"I hate to admit it but, I don't think this pot can be saved," I called to Stuart over the terrific racket I was making with a metal spatula. "I've soaked it all week and I'm hardly making a dent in this mess." I insist on making my own pizza sauce because it's so thick and delicious but sometimes things go awry. I filled six quart jars with steaming goodness before I discovered that the bottom inch of sauce had fossilized.
Stuart came out in the kitchen and peered over my shoulder. "You're pretty rough on your pans. Remember the sweet potatoes?" (Two inches of water is not enough to steam forgotten potatoes for sixty-something minutes.) "I hate to throw this one out. It's a good heavy pan. Maybe I can take it to work and sandblast it." He was quiet for a minute, thinking. "I know, I've got a metal grinder out in my shop. That might work." He disappeared out the back door and I walked away from the sink and went to clean out the fridge. The pan was now Stuart's problem.

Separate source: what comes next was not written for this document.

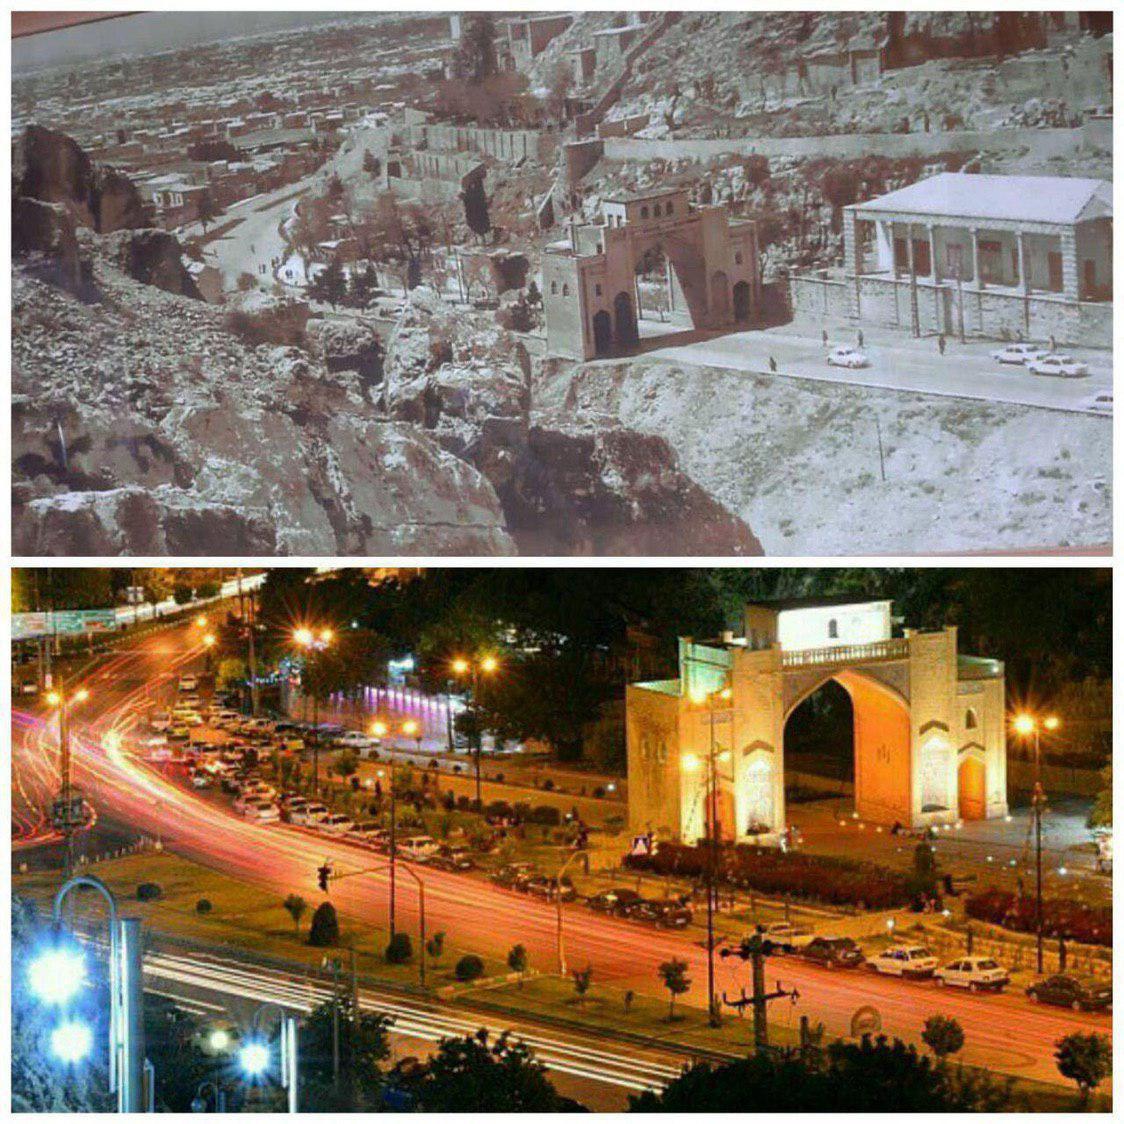 تصویر بالا دروازه شیراز در دهه ۶۰ است و تصویر پایین دروازه شیراز کنونی
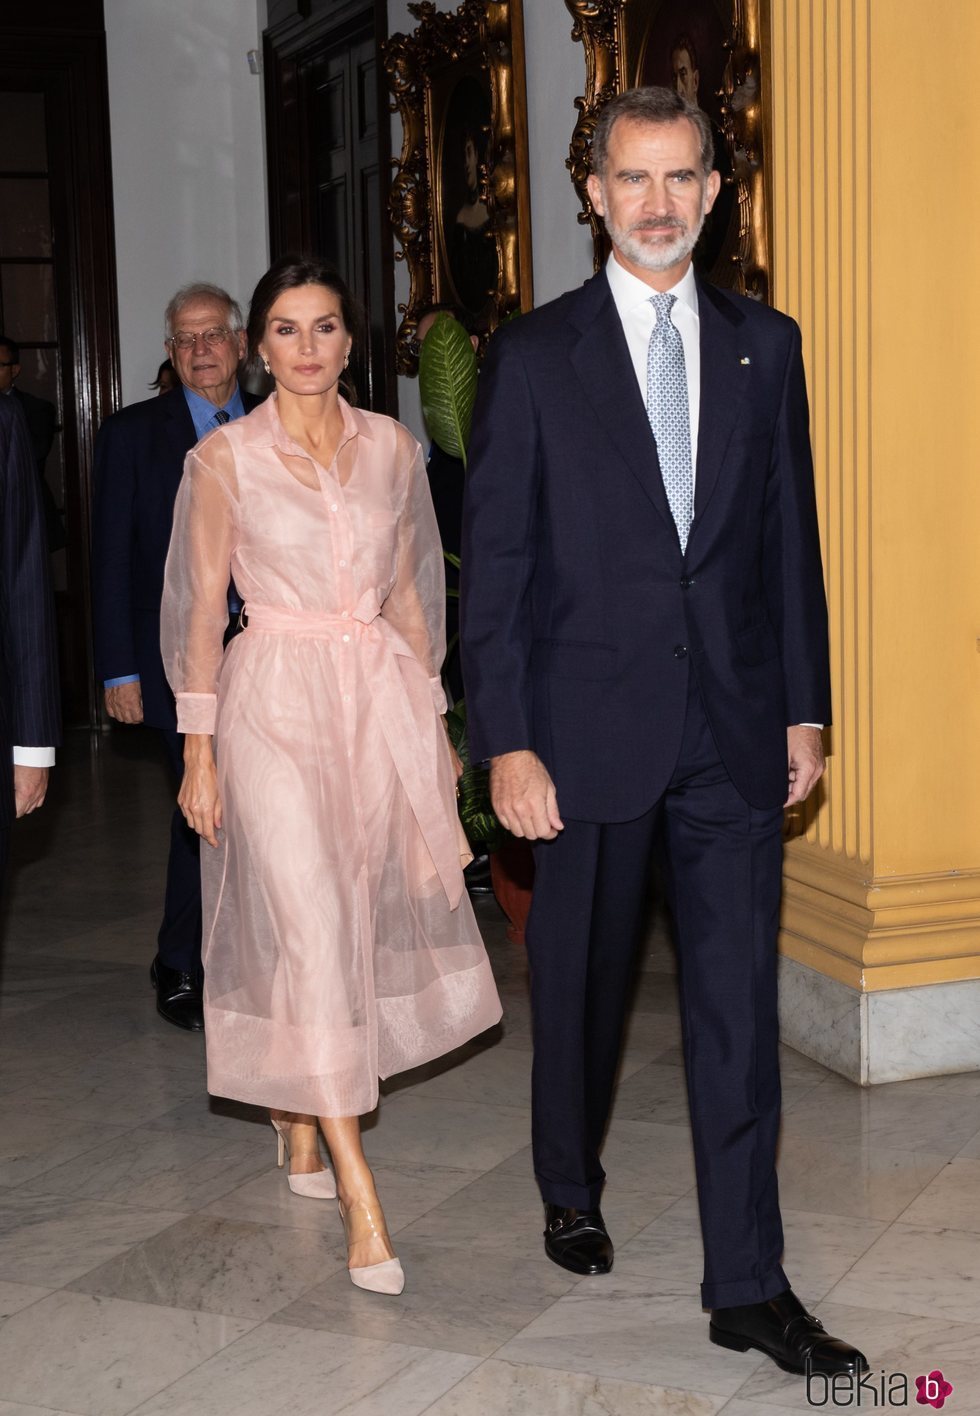 Los Reyes Felipe y Letizia en la cena en honor al Presidente de Cuba en su Visita de Estado a Cuba

Stuart is a handy guy. We hardly every upgrade to a newer model of anything. He fixes dishwashers, washing machines, food processors... Once when somebody put a huge hole in the bottom of my canister vacuum I was so excited. I'm so tired of this thing! I'll finally get a new one. Surely he can't fix that! Nope. A little fabric coated in epoxy glue did the trick. As good as new.
A few minutes later, the kitchen was filled with a metallic, whirring hum. "This falls under the category of Kids! Don't try this at home!" Stuart called from the sink. He turned off his little brush and walked by me to return his tool, his hair and face covered with black flecks. I brushed him off and sent him on his way and went to inspect his work. The pot glistened on the counter. As good as new. Of course.